**Raw data**
━━━━━━━━━━

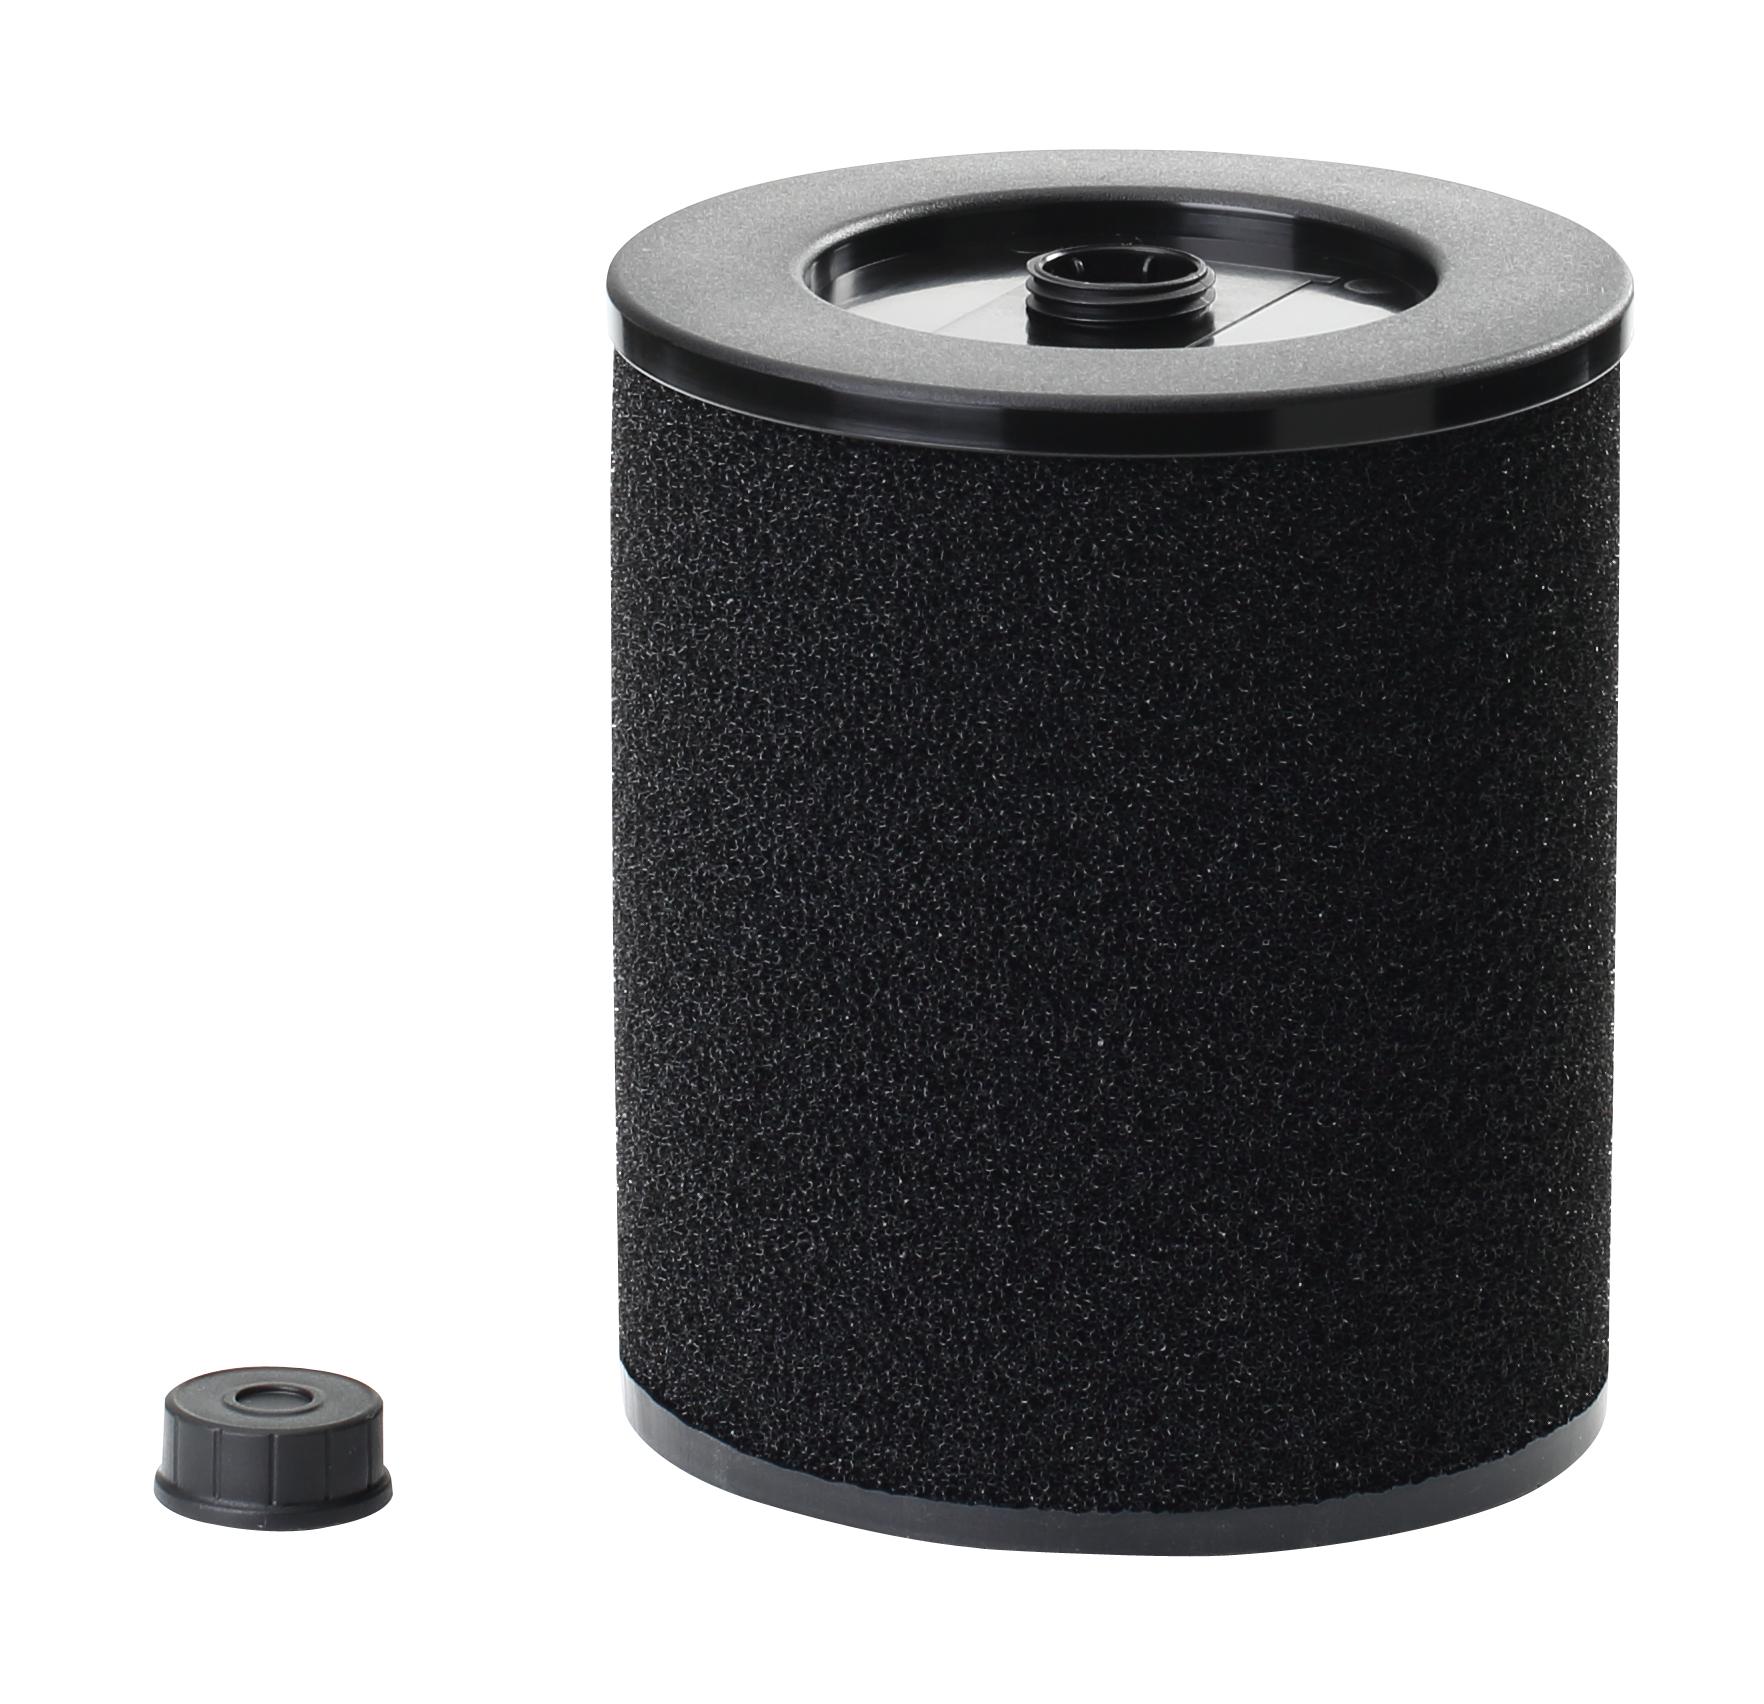 Sears Craftsman Wet Dry Vac 16 Gallon Filter
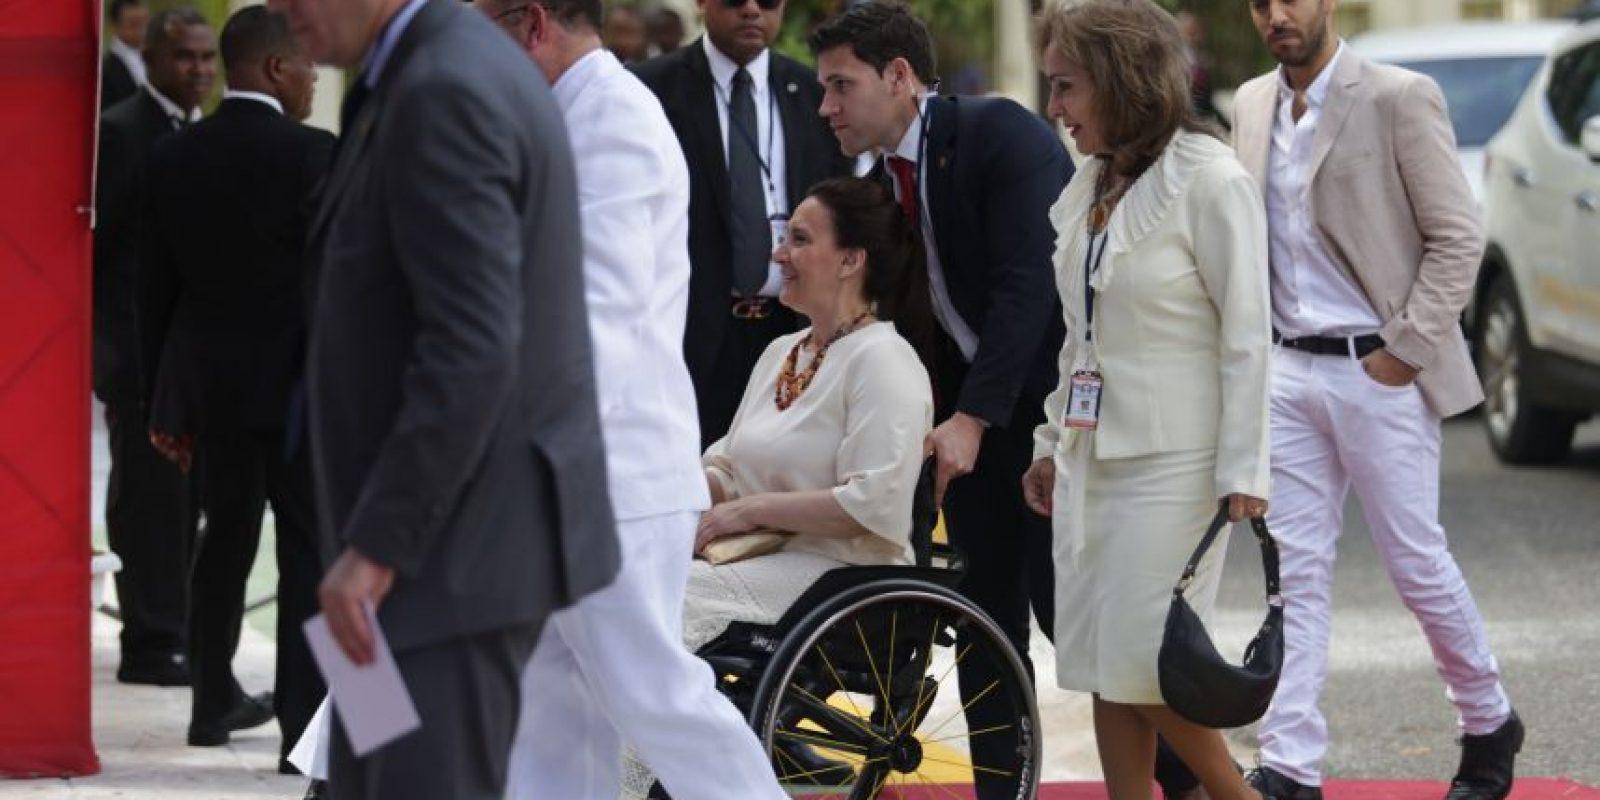 la videpresidente panameña Gabriela Michetti, en silla de ruedas Foto:Roberto Guzmán
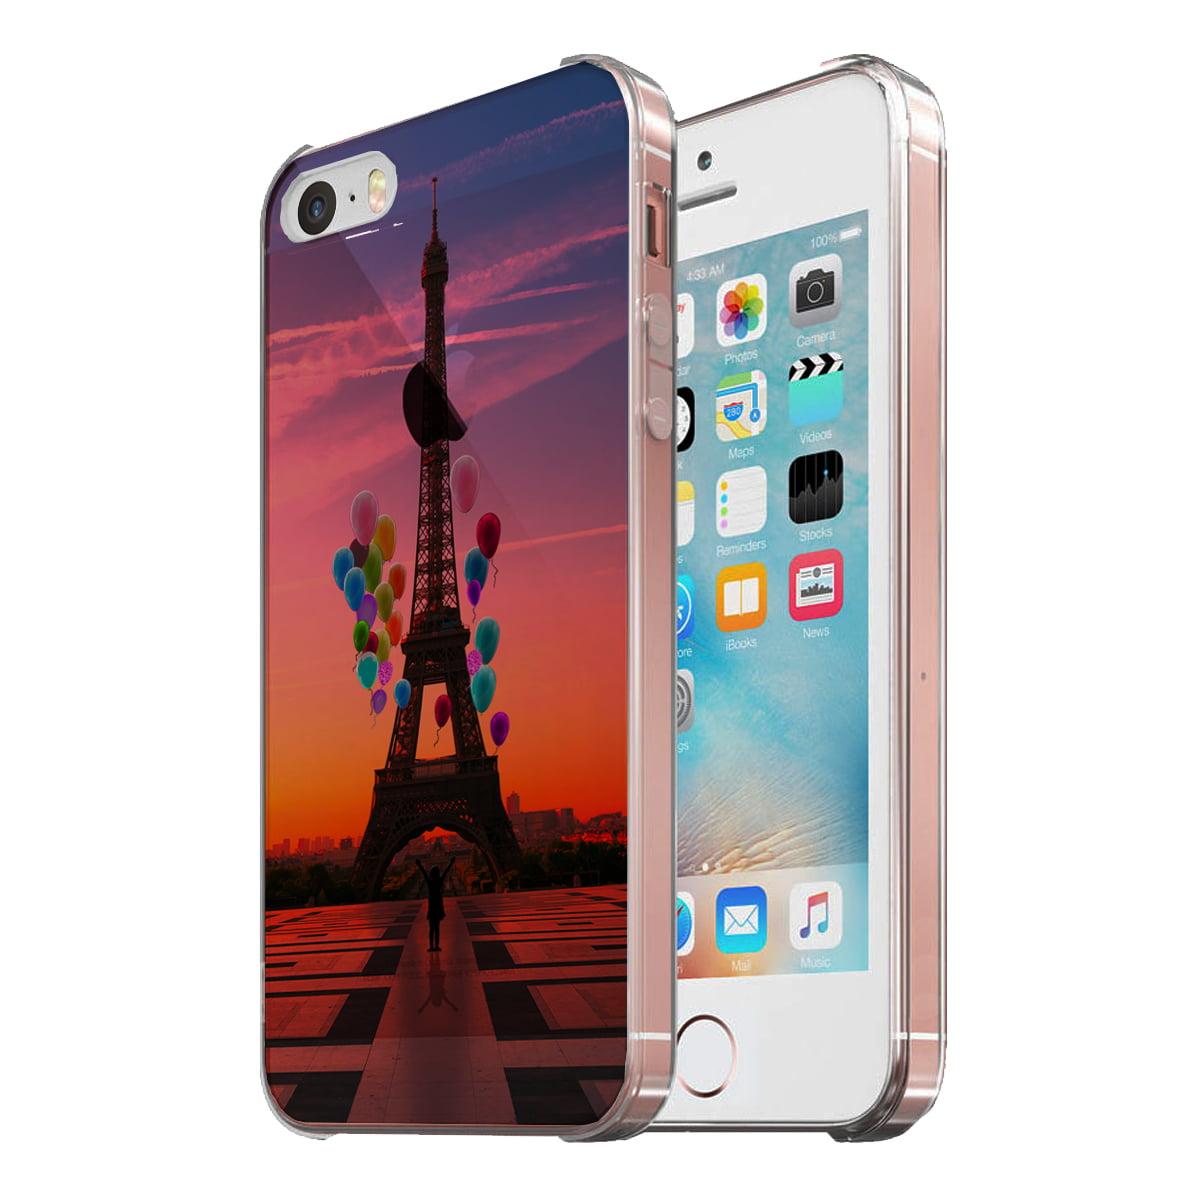 KuzmarK Clear Cover Case fits iPhone SE & iPhone 5 - Paris Eiffel Tower Balloons

━━━━━━━━━━

**Task objective**
Restate the listing above word for word, and skip the pictures.

**Exercise response**
 Sears Craftsman Wet Dry Vac 16 Gallon Filter
 la videpresidente panameña Gabriela Michetti, en silla de ruedas Foto:Roberto Guzmán
 KuzmarK Clear Cover Case fits iPhone SE & iPhone 5 - Paris Eiffel Tower Balloons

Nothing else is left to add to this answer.